= JJ Marsh =

Swedish guitarist and composer

Joakim "JJ" Marsh, born in 1966 is a Swedish guitarist and composer, and is probably best known for his long collaboration with Glenn Hughes.

As a teenager Marsh recorded two albums with Spellbound, Breaking the Spell and Rockin 'Reckless. The band also recorded material for a third album, for which Marsh wrote the songs together with the singer Hasse Fröberg, but they didn't manage to get a record deal and the album wasn't released until some ten years later.

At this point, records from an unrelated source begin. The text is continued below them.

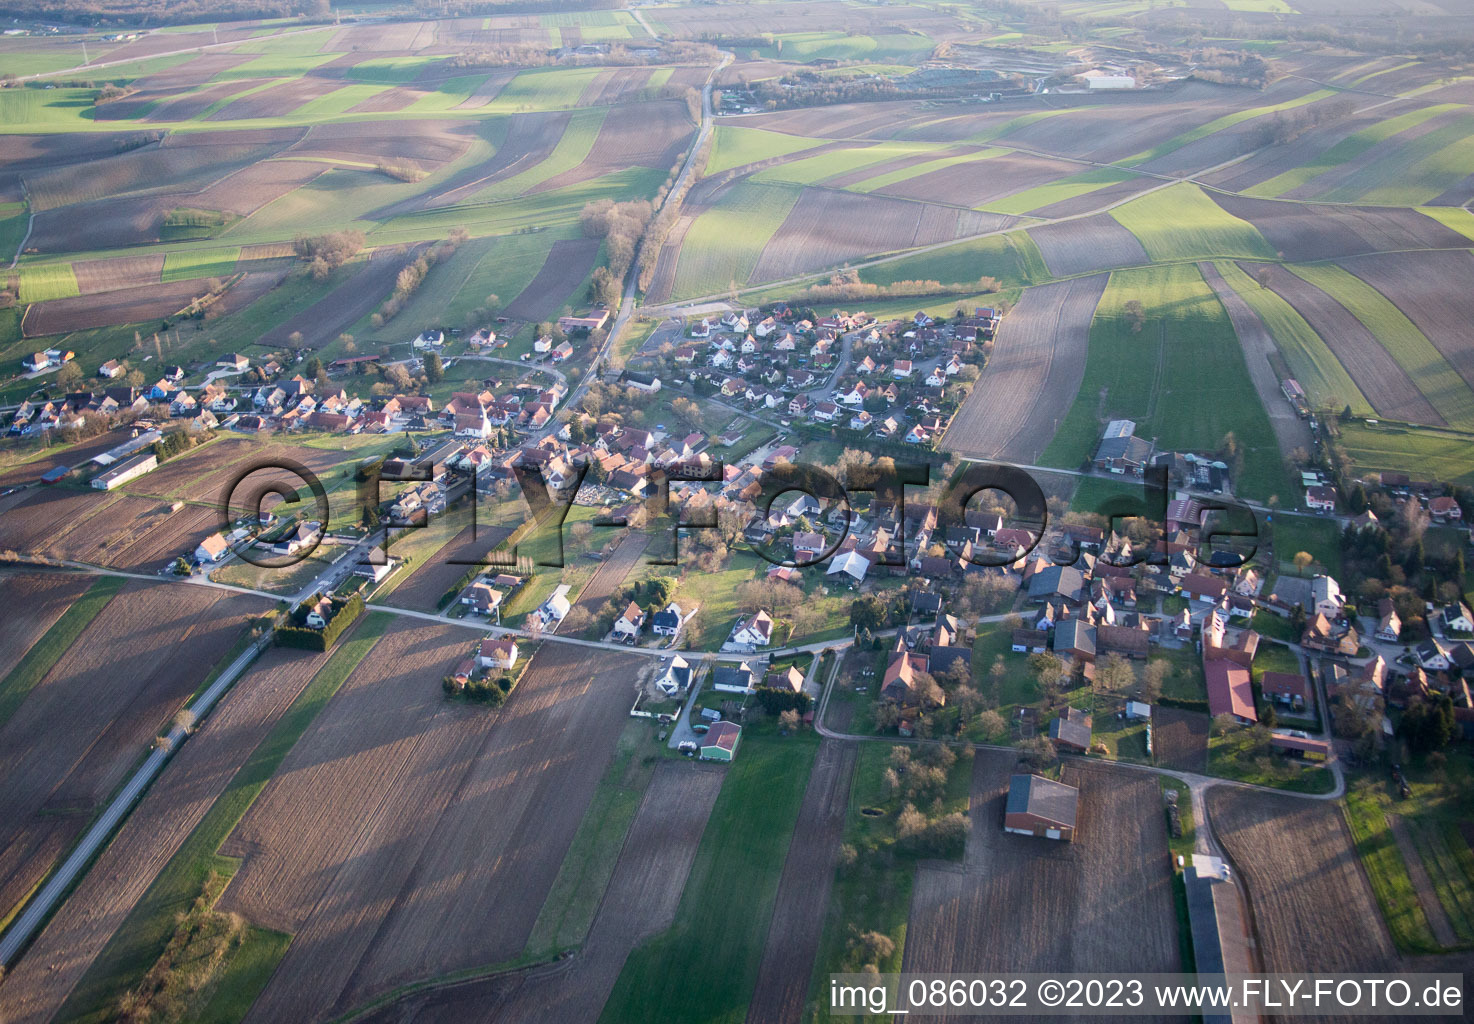 Wintzenbach im Bundesland Bas-Rhin, Frankreich aus der Luft betrachtet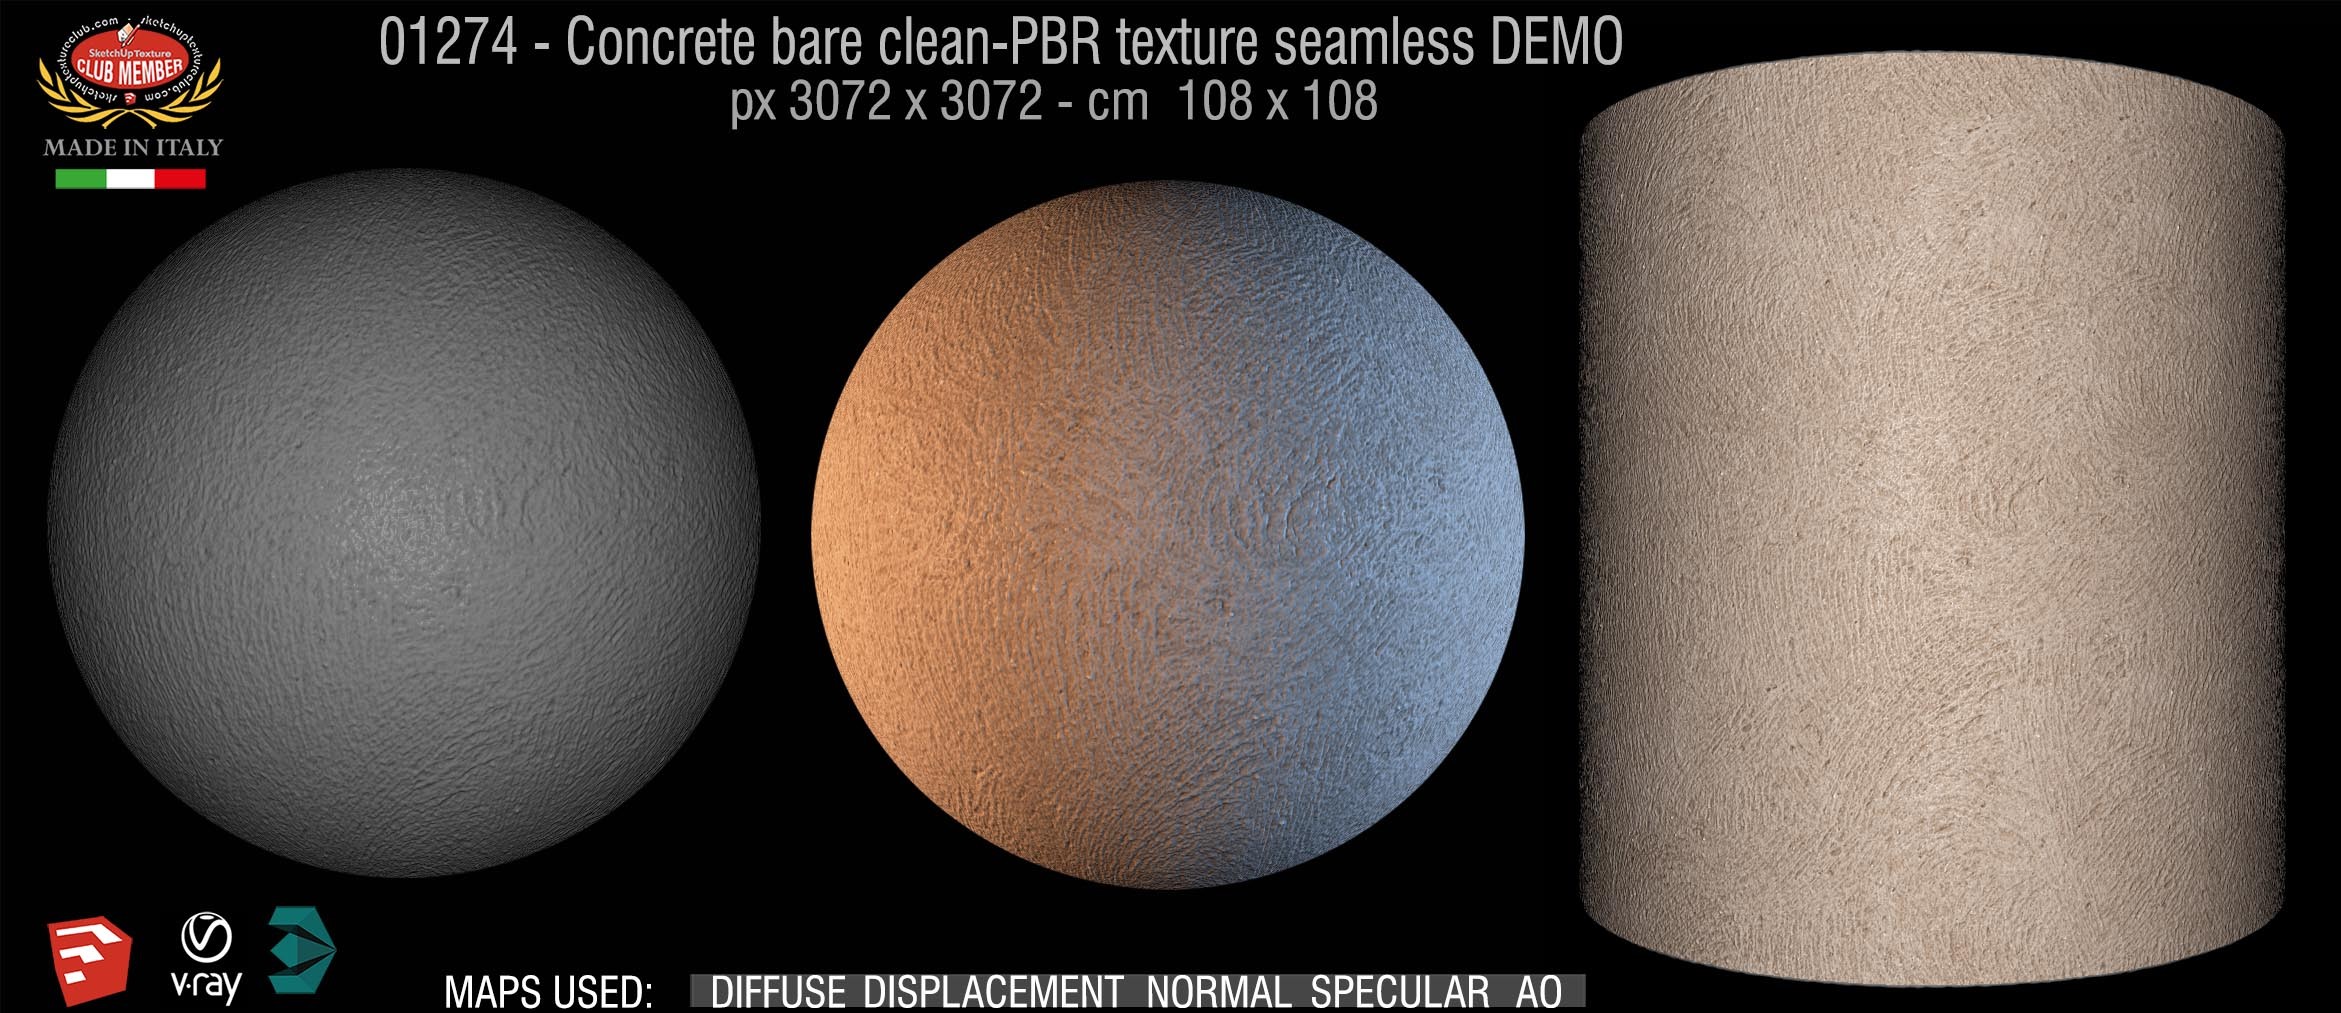 01271 Concrete bare clean-PBR texture seamless DEMO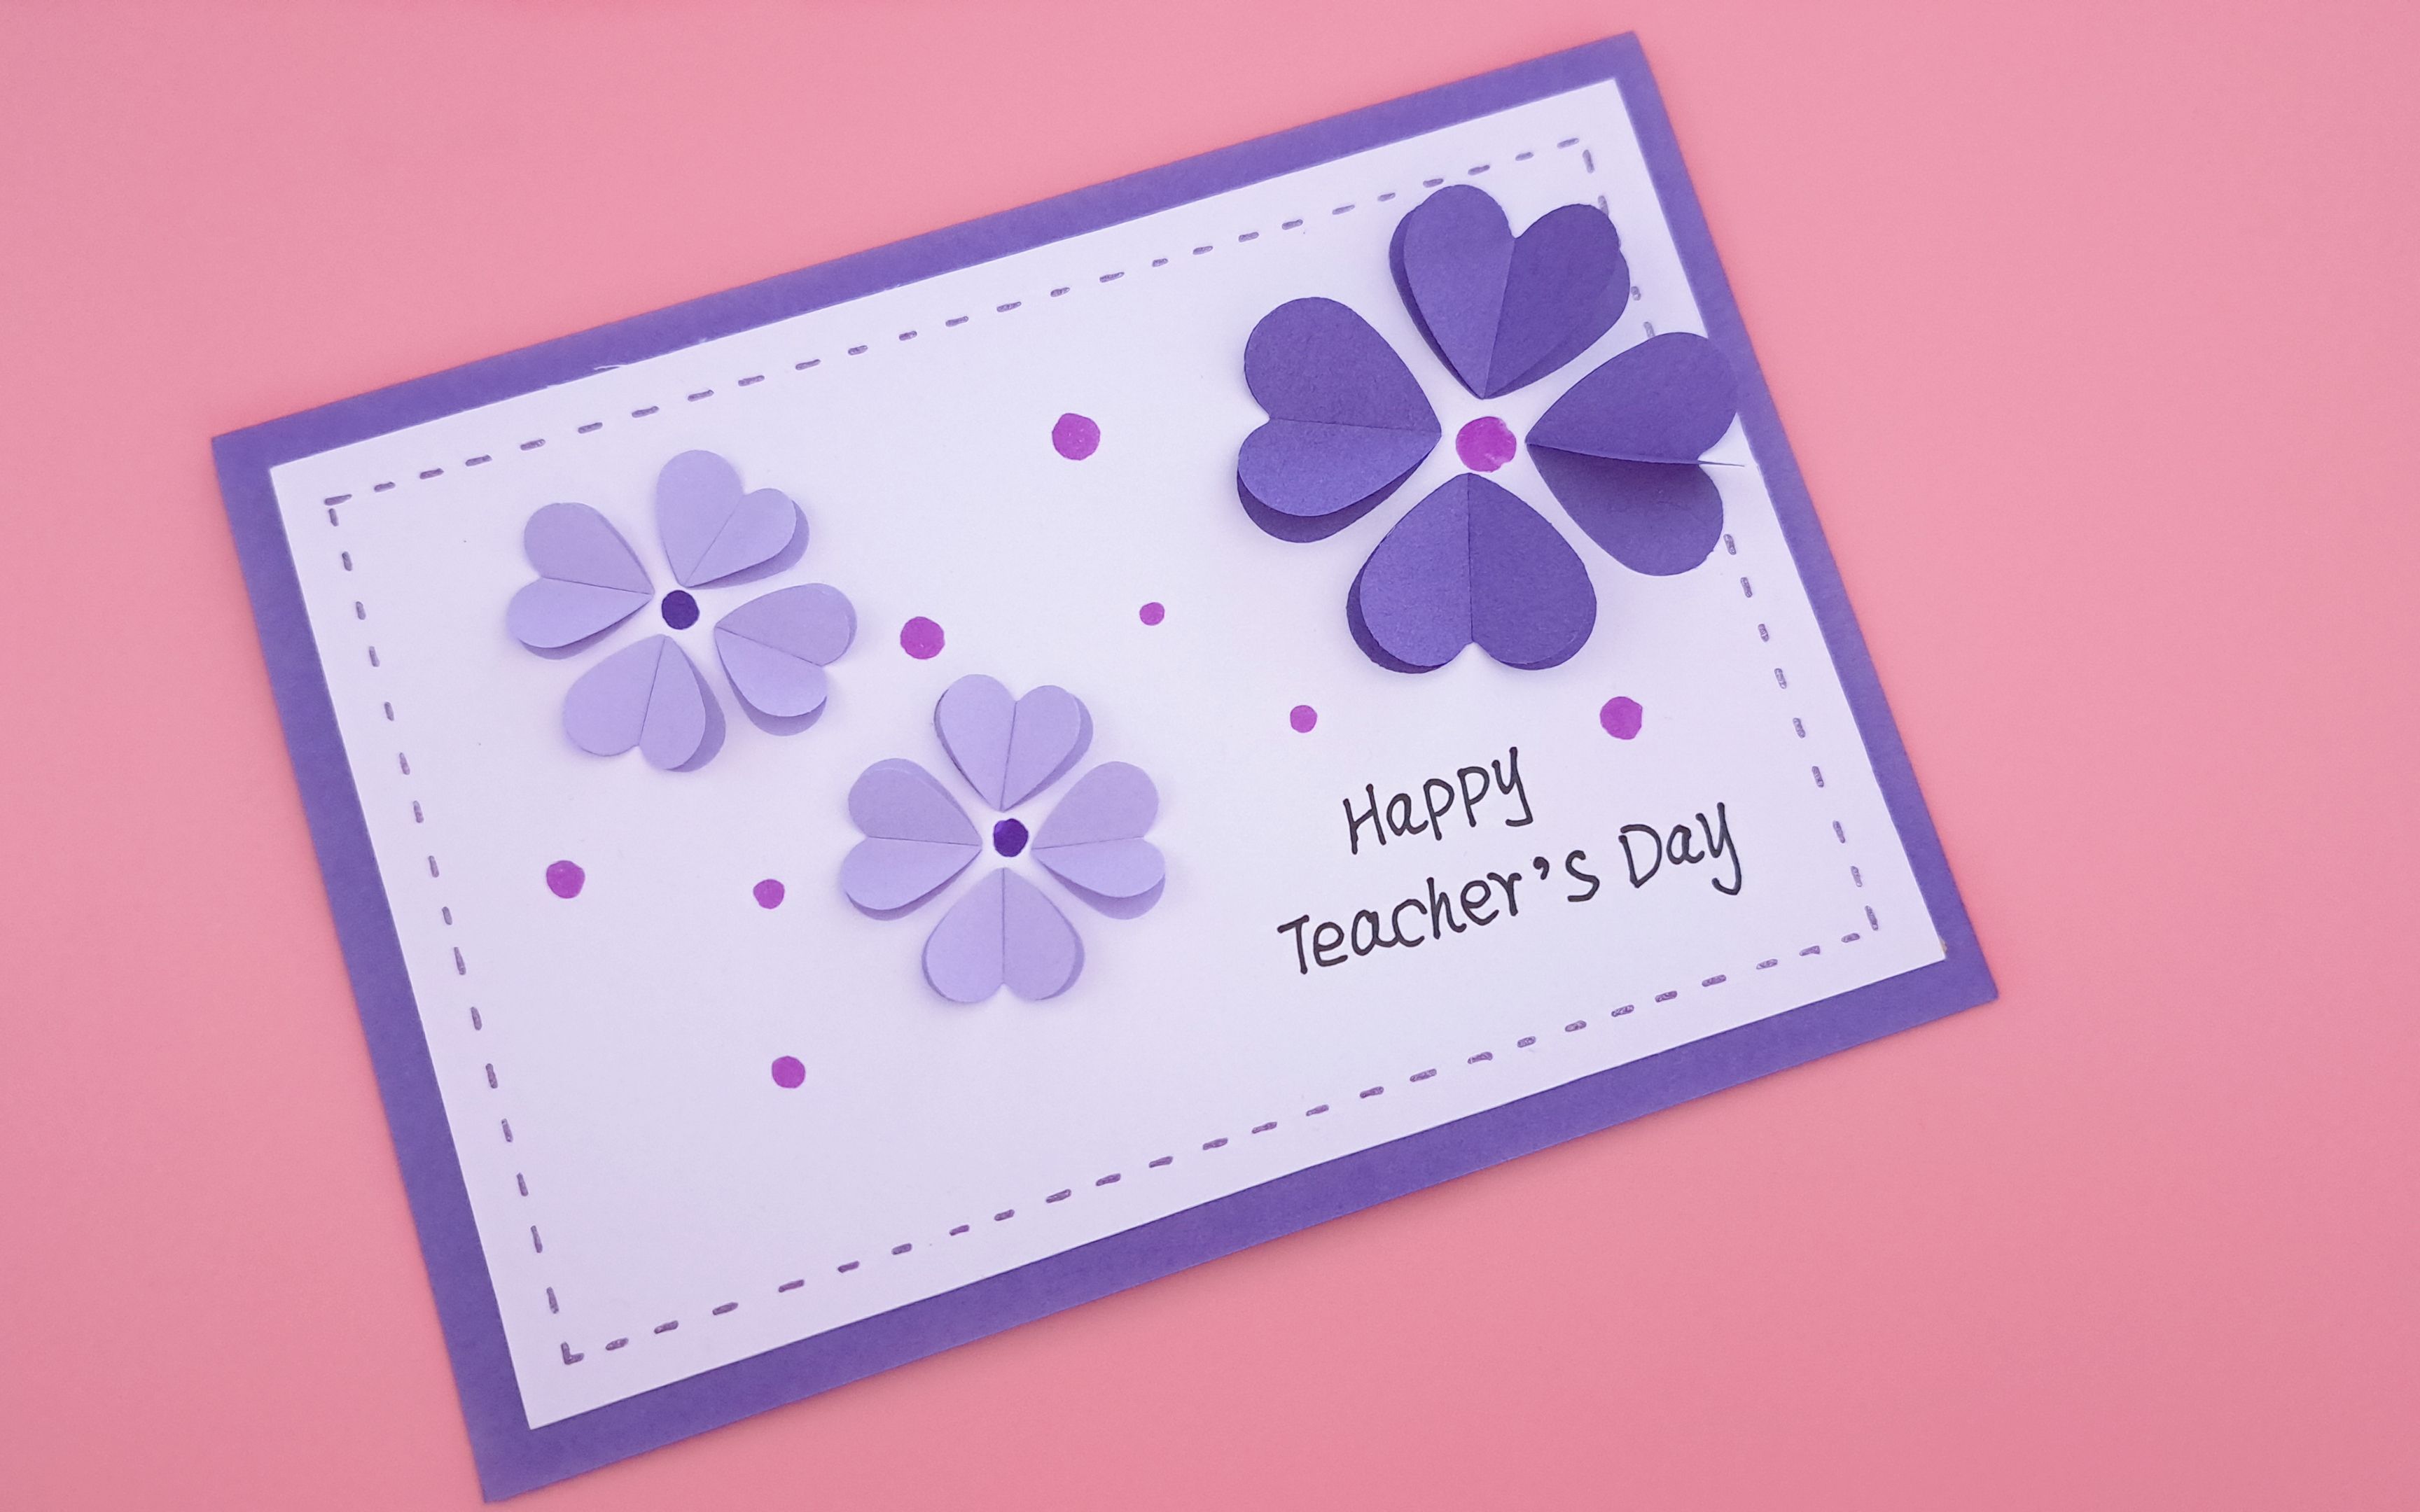 教师节快到了，自制漂亮的教师节手工贺卡，给老师一个惊喜

Spellbound disbanded in 1988, but they have done a few reunion concerts since that, as late as 2014. In the early 1990s he formed the band Studfarm with singer Janne Hellman.

In 1995, Marsh met Glenn Hughes and began a partnership in which Marsh during the period 1996-2008 co-wrote most of the songs on ten studio albums, apart from Hughes' solo albums also two albums with Joe Lynn Turner in the Hughes Turner Project, abbreviated HTP.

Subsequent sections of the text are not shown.